Search code examples
elasticsearchsharding

What are the risks of large shards in Elasticsearch?


At my workplace each of our ES indices is configured to have exactly 5 shards and we make no use of the Rollover API or ILM. Most of our indices are quite small, but we have one large index where each individual shard is close to 250 gigabytes. There is now discussion ingesting additional data that will roughly double the size of that index.

I'm trying to pump the breaks on this because from my understanding of best practices (e.g. those described by Elastic Co. here) shards should ideally be <=50GB. My understanding of the risks involved with letting shards get too big:

  • Degraded search performance
  • More difficult/slower to recover from failure
  • More difficult/slower for ES to perform cluster rebalancing during normal operations

Are these accurate? Are there others risks that I should be aware of? I'm also a bit concerned that as the shards large memory issues could come into play and the entire cluster could become unstable. Is that a well-founded concern?


Solution

    • When a shard becomes too large, it can slow down search queries, as each query has to process a larger amount of data.
    • When a node fails, Elasticsearch needs to reallocate and recover the shards from that node.

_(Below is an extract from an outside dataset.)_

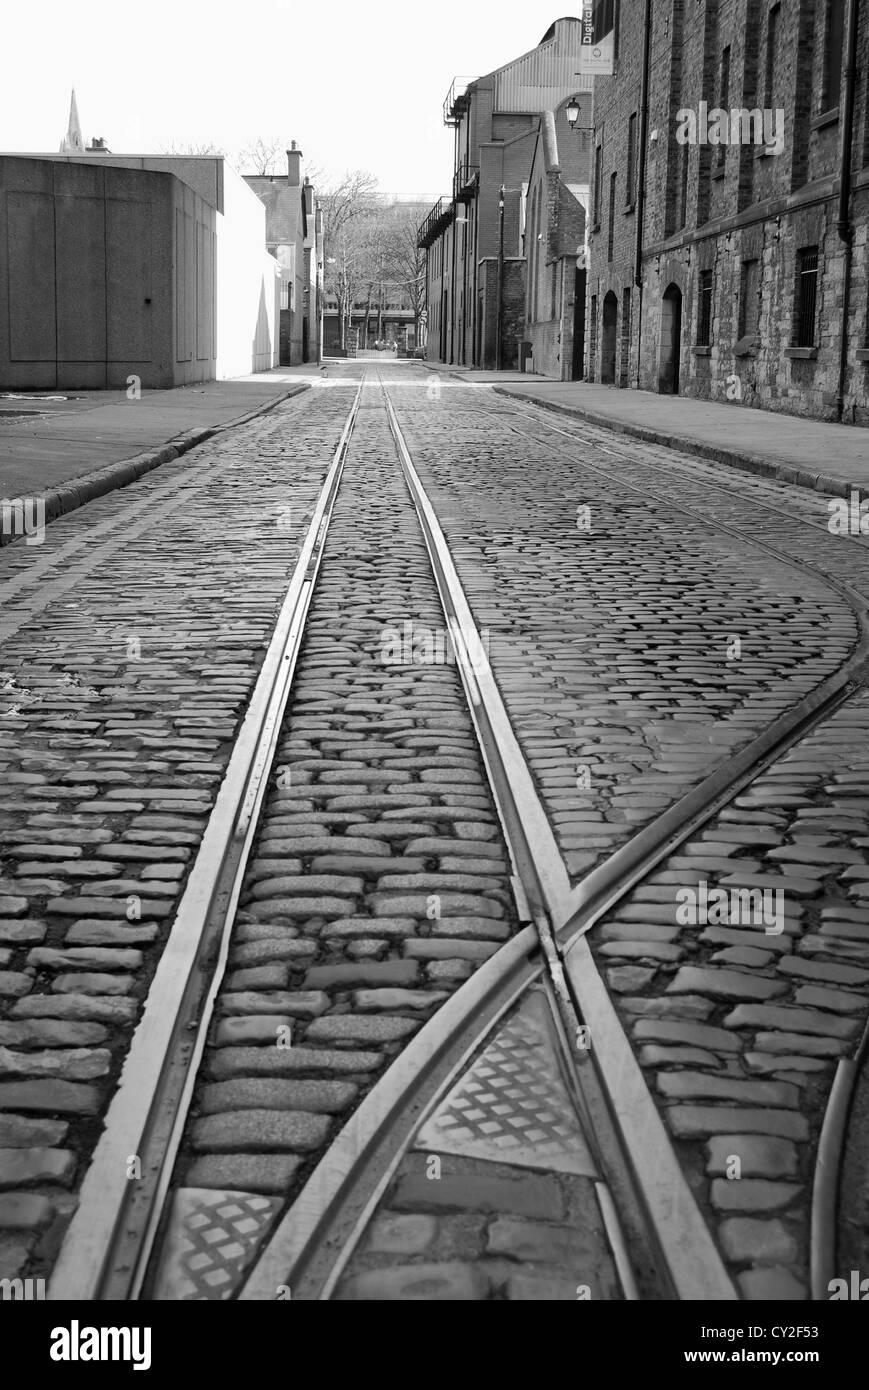 tramway dublin street no 3235 - Stock Image

A large number of shards take a significantly long time to recover, increasing the time the cluster is in a state of reduced redundancy and increased vulnerability.
    • Elasticsearch clusters frequently rebalance shards across nodes to distribute data and load evenly. Larger shards make this process more resource-intensive and time-consuming
    • Large shards can lead to memory pressure, particularly in environments with limited storage.
    • The process of taking snapshots and restoring from them can become more challenging and time-consuming with larger shards
    • In extreme cases, very large shards can increase the risk of data loss. If a large shard becomes corrupted or is lost during a node failure, the amount of data lost can be substantial.

    that's the some bad sides of the large amount of shards. In practice you can face with many other issues. So you should plan shard number correctly beforehand.